If they don’t, the province has just two months to find places for the approximately 380 children housed in the two halls.
This number could grow in the coming months as California closes its juvenile justice department and sends more youths in state facilities back to their home countries. While it is believed that the youths would go to Nidorf’s Secure Youth Track Facility, or SYTF, the lack of programming at the facility and the recent violence have raised concerns about the housing of those returning from state facilities in Nidorf.

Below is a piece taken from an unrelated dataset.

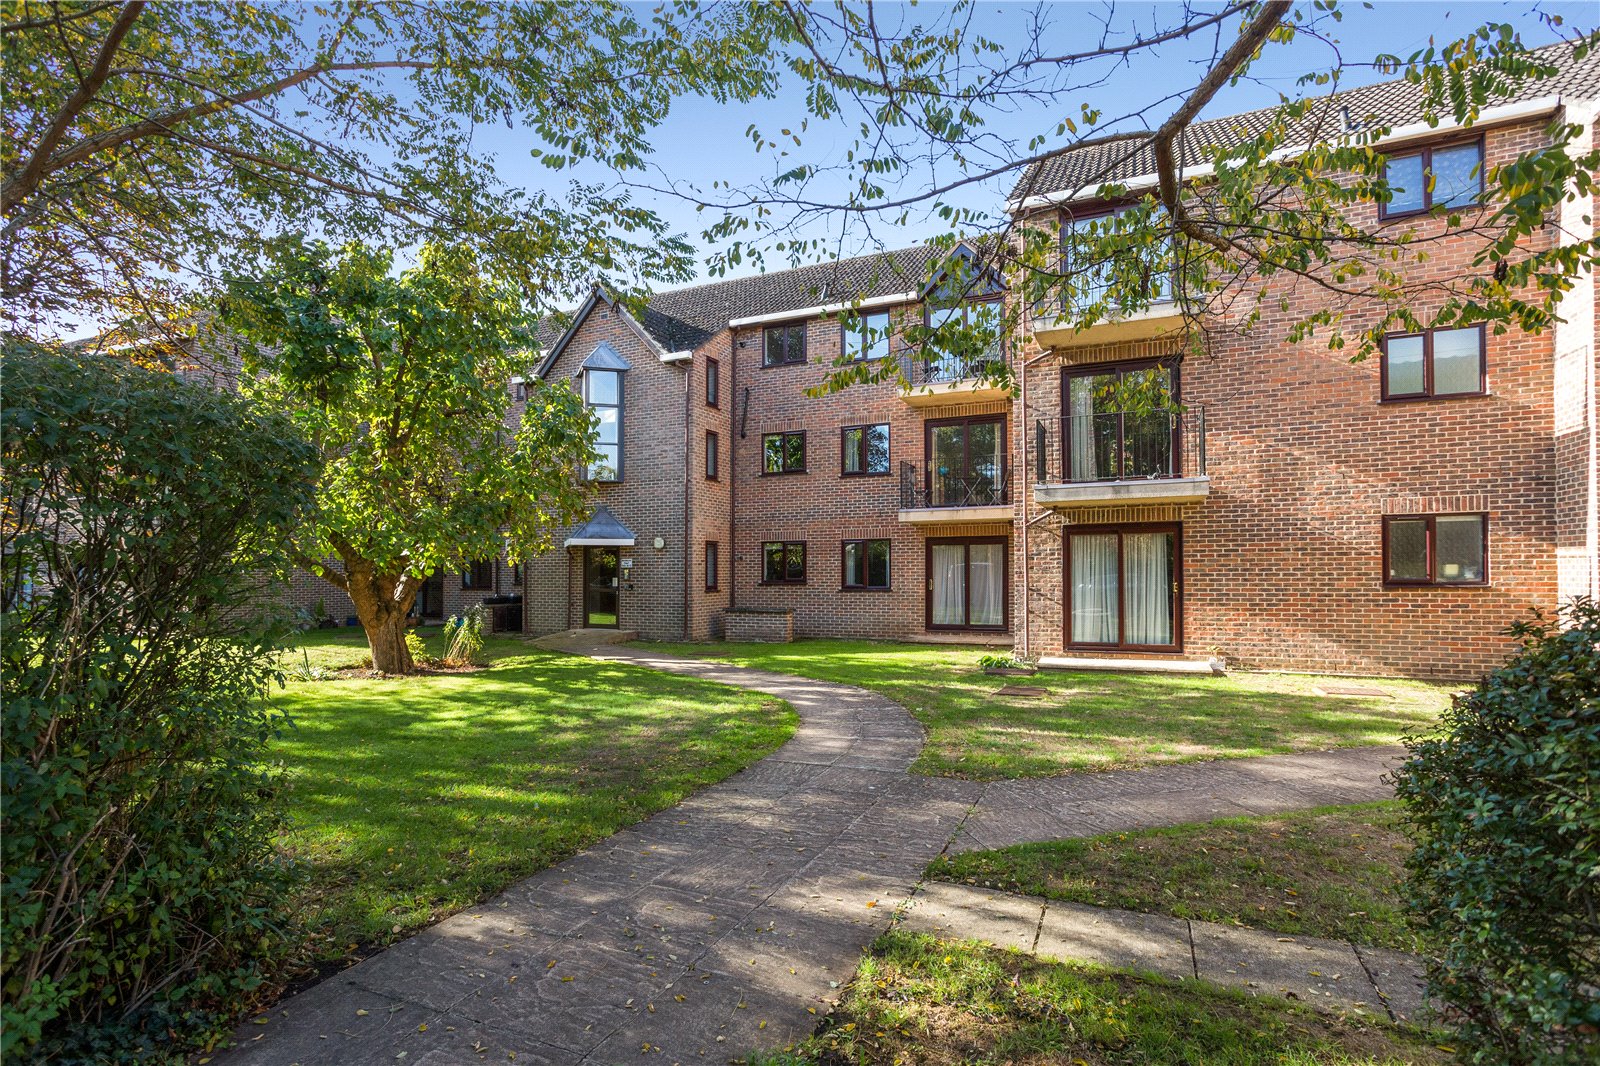 Dorchester Court, Ferry Pool Road, Oxford, Oxfordshire, OX2

Wende Julien, the head of the Probation Oversight Commission, said the department’s watchdog group had repeatedly recommended the department move these youths from the Secure Youth Track Facility to Campus Kilpatrick in Malibu or Los Padrinos Juvenile Hall in Downey, which opened in 2019. was closed. happened. The probation department has made very little progress, including only 11 juveniles being transferred to Kilpatrick with the remainder remaining at Barry J. Nidorf. wrote Julien in a statement. … Although the youth prone to SYTF currently only make up about 20% of the juvenile facility population, the Probation Committee has recommended moving them to a more appropriate and rehabilitative location for their well-being and addressing Barry’s recurring problems tackle J Nidorf youth hall. She said the Oversight Commission has not received a plan from the probation department regarding evacuation of halls. Tracie Cone, a spokesperson for the Board of State and Community Corrections, previously said the board has no role in deciding where the county should move youth, though she noted that state rules prohibit the county from sending youth to adult facilities. move. She declined to comment on the board’s letter to Fletcher.